Bagi warga kota Jakarta, tentu sudah tak
asing dengan metromini, salah satu transportasi favorit ibukota. Sekalipun
keadaan body bagian dalam babak
belur, namun warga masih mengandalkannya, termasuk saya. Sudah menjadi
kebiasaan saya, kalau bepergian arah Grogol, selalu menggunakan Metromini 91.
Saya suka naik metromini ini karena larinya laju.
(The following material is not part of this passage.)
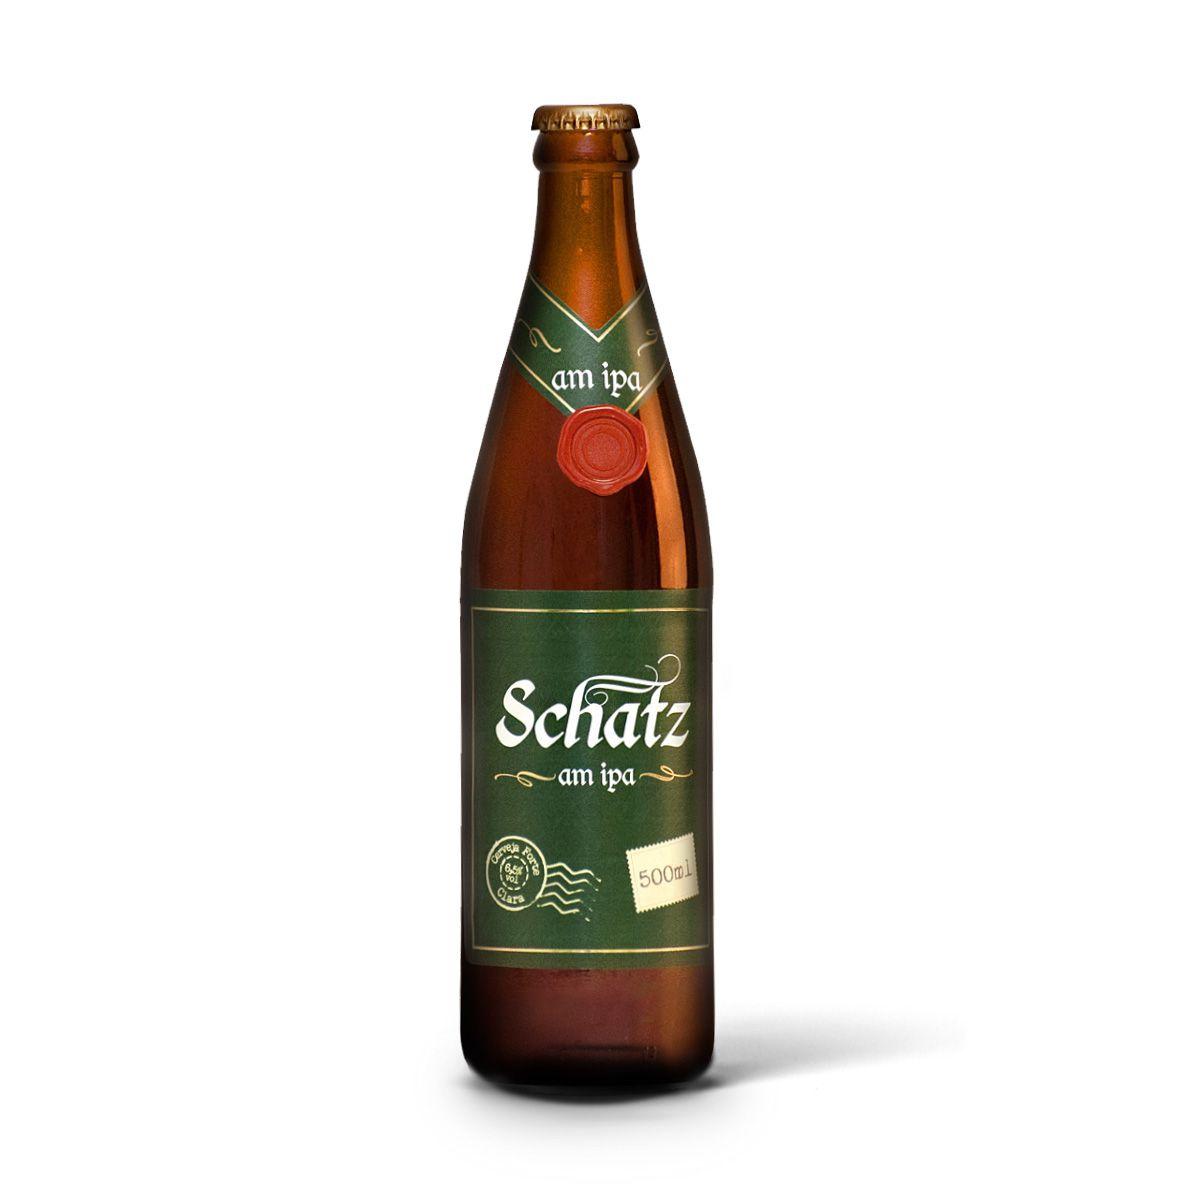 Schatz India Pale Ale IPA AlquimIPA 500ml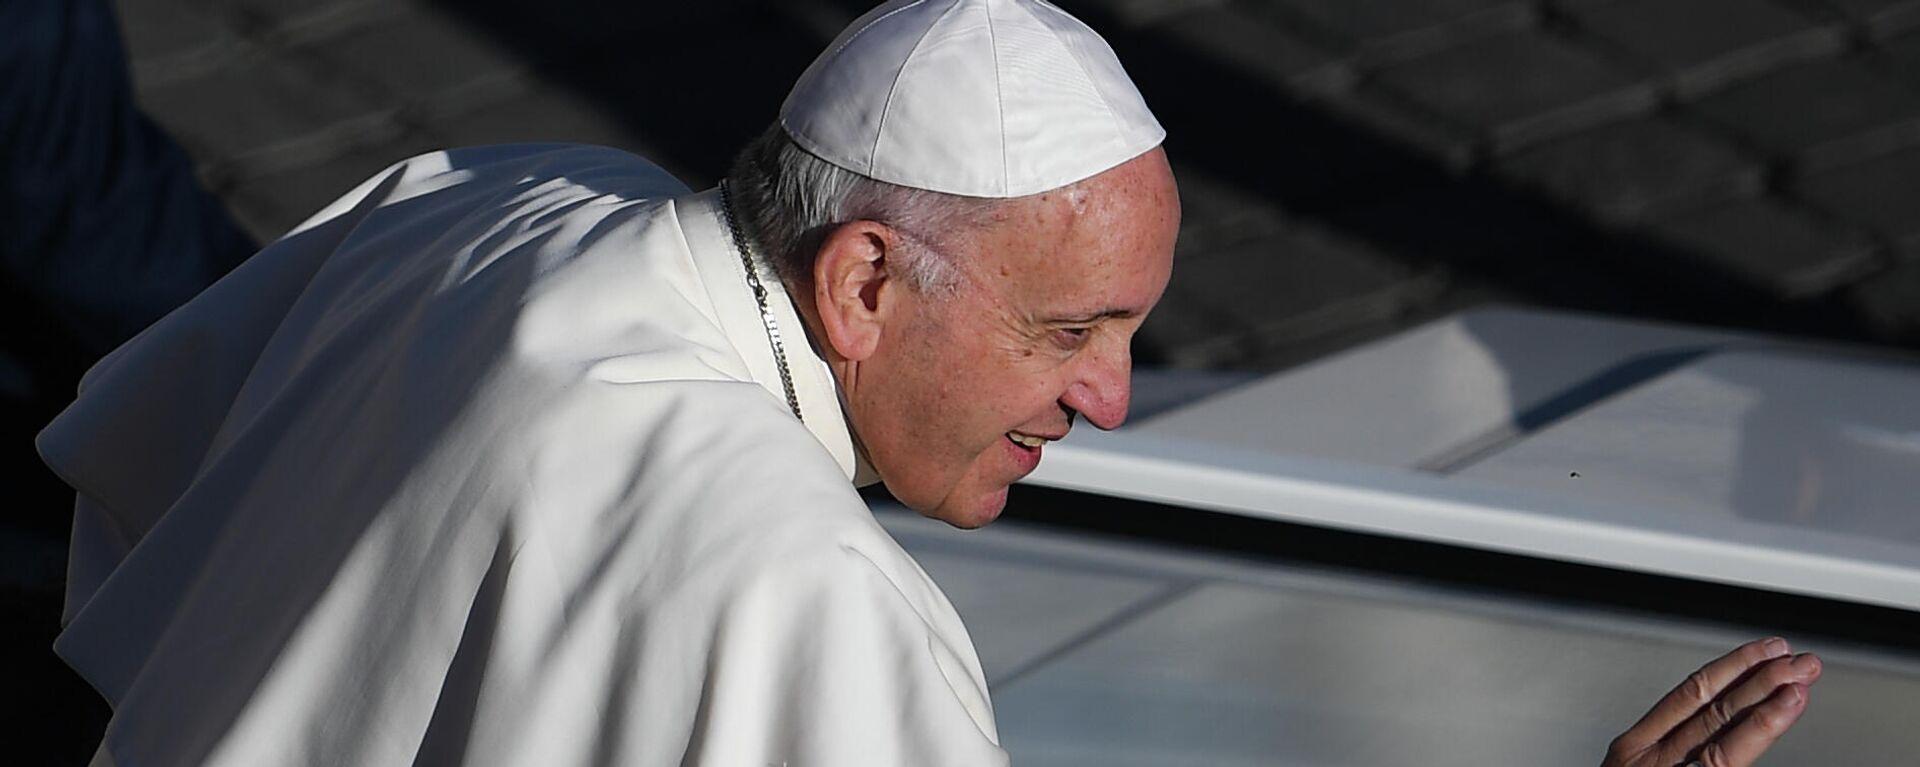 Papa Francesco - Sputnik Italia, 1920, 21.09.2021

Umumnya setiap metromini terdiri dari
seorang sopir dan seorang kenek. Bisa dikatakan bahwa sopir
merupakan kepalanya, sedangkan kenek adalah bawahannya. Karena
itu, sering kita dengar sopir memarahi kenek bila ada
kekeliruan; sesuatu yang tak mungkin ditemukan jika kenek marah
kepada sopir. Namun, terkadang terlihat juga bahwa kenek itu
menjadi rekan kerja sopir.
Tugas sopir hanyalah mengendarai
metromini. Dia tidak dipusingkan dengan urusan lain. Tugas lain dia serahkan
kepada rekannya. Sekalipun posisinya lebih tinggi dari keneknya,
dia taat kepada kenek jika rekannya itu memintanya untuk
berhenti saat ada penumpang turun atau naik. Karena fokus pada kemudi, maka
kebanyakan metromini lari dengan laju di antara kepadatan jalanan raya ibukota.
Bahkan ia berani menyelip-nyelip kendaraan lain.
Tugas utama kenek ada
empat jenis. Pertama, ia mencari penumpang di jalanan dengan cara
berteriak-teriak menyebutkan tujuan metromini itu. Jika ada, segera ia
memberitahu sopir (atasannya). Kedua, membantu menaikan dan
menurunkan penumpang. Kenek yang lebih dahulu tahu penumpang
hendak turun dimana; dan ia segera menyampaikannya kepada sopir (tidak disimpan
sendiri). Ketiga, mengatur ongkos. Dia mendapat kepercayaan penuh
dari sopir untuk meminta ongkos dari penumpang. Sopir tidak curiga kalau uang
itu akan sedikit ditilep oleh rekannya. Terkait ongkos ini, ada satu hal
positif dari kenek, yaitu kejujuran. Tarif jauh - dekat
metromini adalah 3 ribu. Jika ada penumpang memberi 5 ribu, ia akan kembalikan
2 ribu (hal yang jarang ditemukan pada mikrolet). Keempat, di
tengah-tengah kemacetan lalu lintas, kenek berperan membantu
sopir untuk mencari celah agar metromininya bisa masuk.
Suatu hari, saya hendak ke Grogol. Seperti biasanya saya naik metromini. Saya setelah beberapa menit saya duduk, tidak ada orang yang datang meminta ongkos seperti biasanya. Saya coba lihat-lihat, ternyata memang metromini itu lagi tidak ada keneknya. Karena itu, semua pekerjaan ditangani sendiri oleh sopir. Dia yang melihat-lihat penumpang di jalan, dia sendiri yang menerima ongkos dan mengatur kembalian, jika penumpang memberi uang besar.